= Elie Rekhess =

Israeli scholar of political history

Elie Rekhess (אלי רכס; born in Haifa) is an Israeli scholar of political history of the Arabs in Israel; Islamic resurgence in Israel; the West Bank and Gaza and Palestinian affairs. He serves as Crown Visiting professor in Israel Studies at Northwestern University affiliated with the Department of History and the Department of Jewish Studies. He was formerly on the faculty of the Department of Middle Eastern History at Tel Aviv University and served as head of the Konrad Adenauer Program for Jewish-Arab Cooperation.
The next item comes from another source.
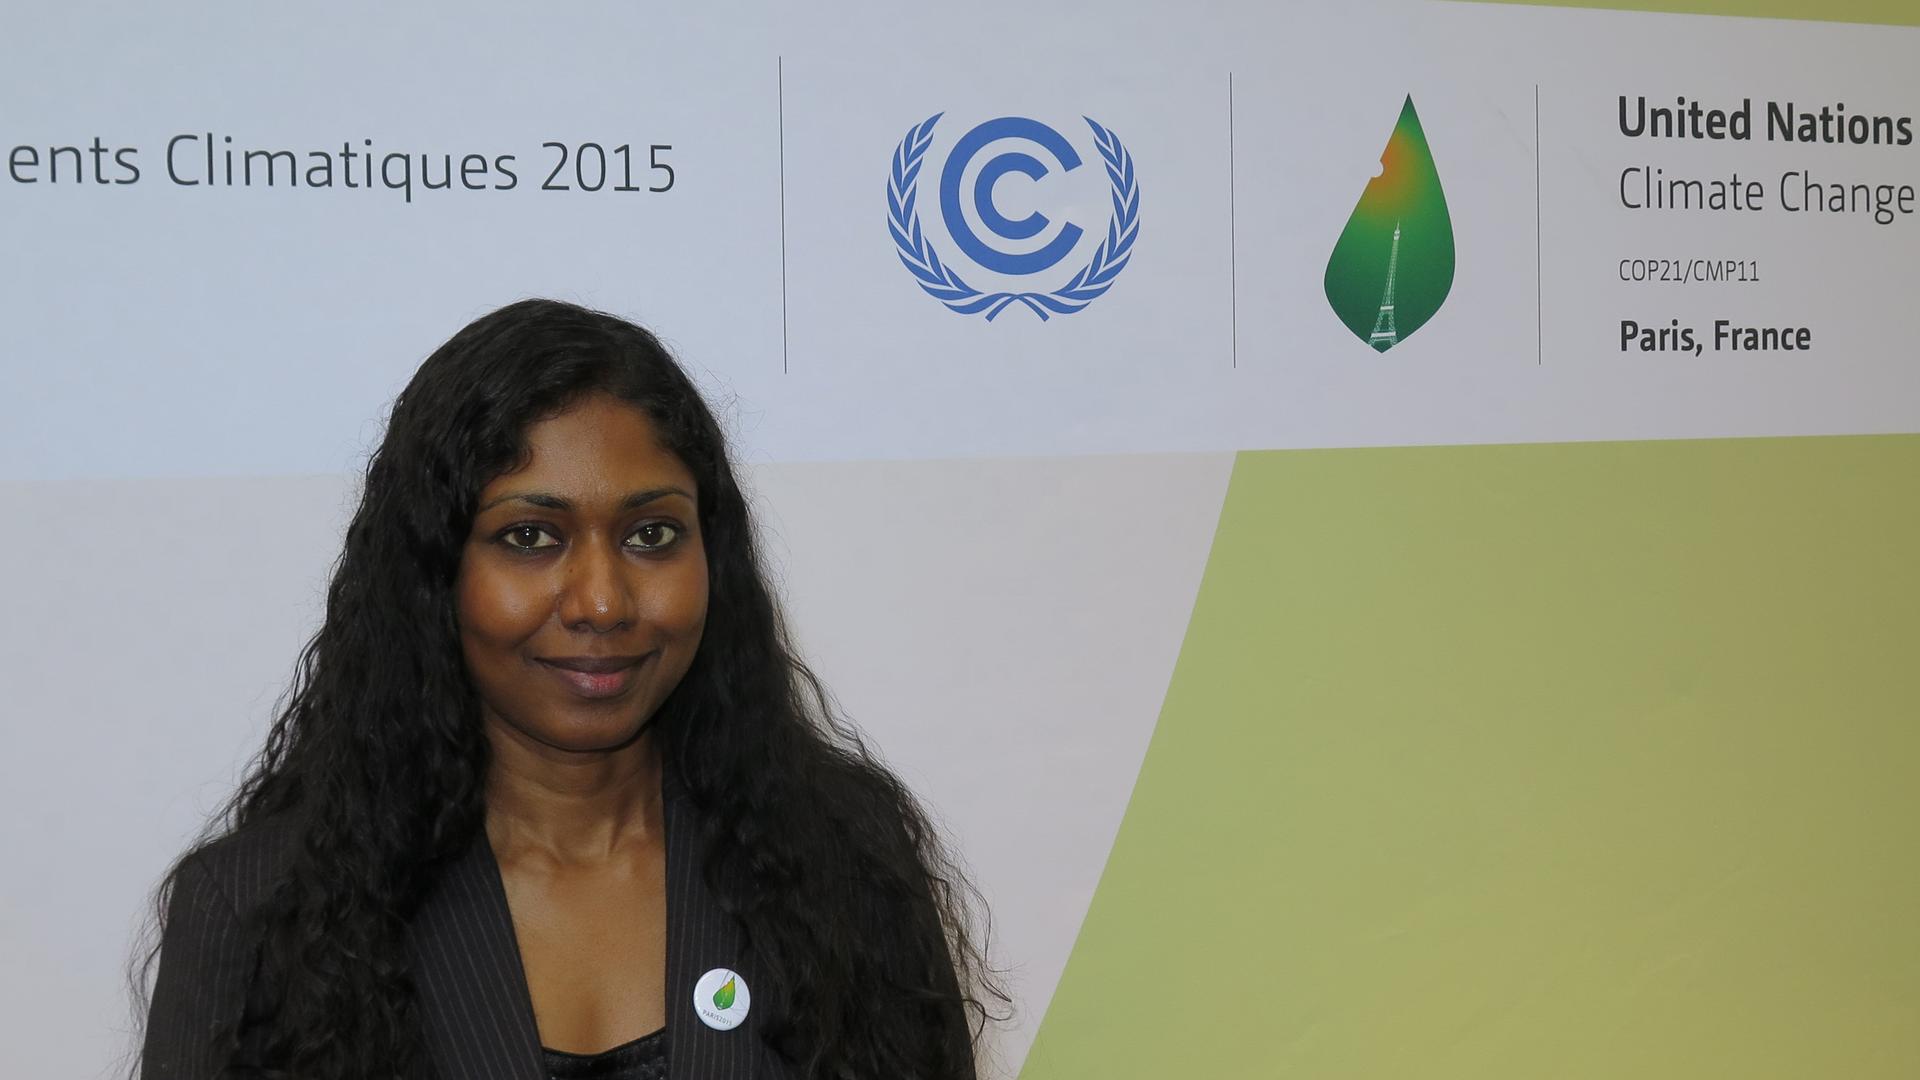 Former Maldives deputy UN ambassador Thilmeeza Hussain at the global climate conference in Paris in December, 2015, just before the adoption of the landmark Paris Agreement. With a suddenly very different political environment in the US, Hussain says clim

As an expert on Arab society in Israel, Rekhess' knowledge covers the fields of Political Islam, Palestinian society and politics, the political history of the Arab minority in Israel, minorities and ethnicity in the Middle East, Israeli politics, and social and ethnic cleavages in Israel. He is also a former officer of the Israeli Defense Forces (IDF), actively engaged in the combat sector in his earlier years. As an IDF officer he has real-life experience dealing with combating the various Palestinian resistance movements.

==Education==
Rekhess graduated in 1970 from the Hebrew University of Jerusalem with a B.A. in History of Islamic Countries; Classical Arabic Language and Literature. Six years later, Dr. Rekhess received his M.A. at The Aranne School of History at Tel Aviv University specializing in "Affinity to Islam within the Samaria (West Bank) Intelligentsia" cum laude. His Ph.D., obtained in 1986 also at the Aranne School of History at Tel Aviv University, was titled "Between Communism and Arab Nationalism: Rakah and the Arab Minority in Israel (1965-1973)."

==Academic experience==
===Research positions===
Since 2008, Rekhess has served as associate director of Israel Studies at Northwestern University, where he helped establish Israel Studies as part of the Crown Family Center for Jewish and Israel Studies.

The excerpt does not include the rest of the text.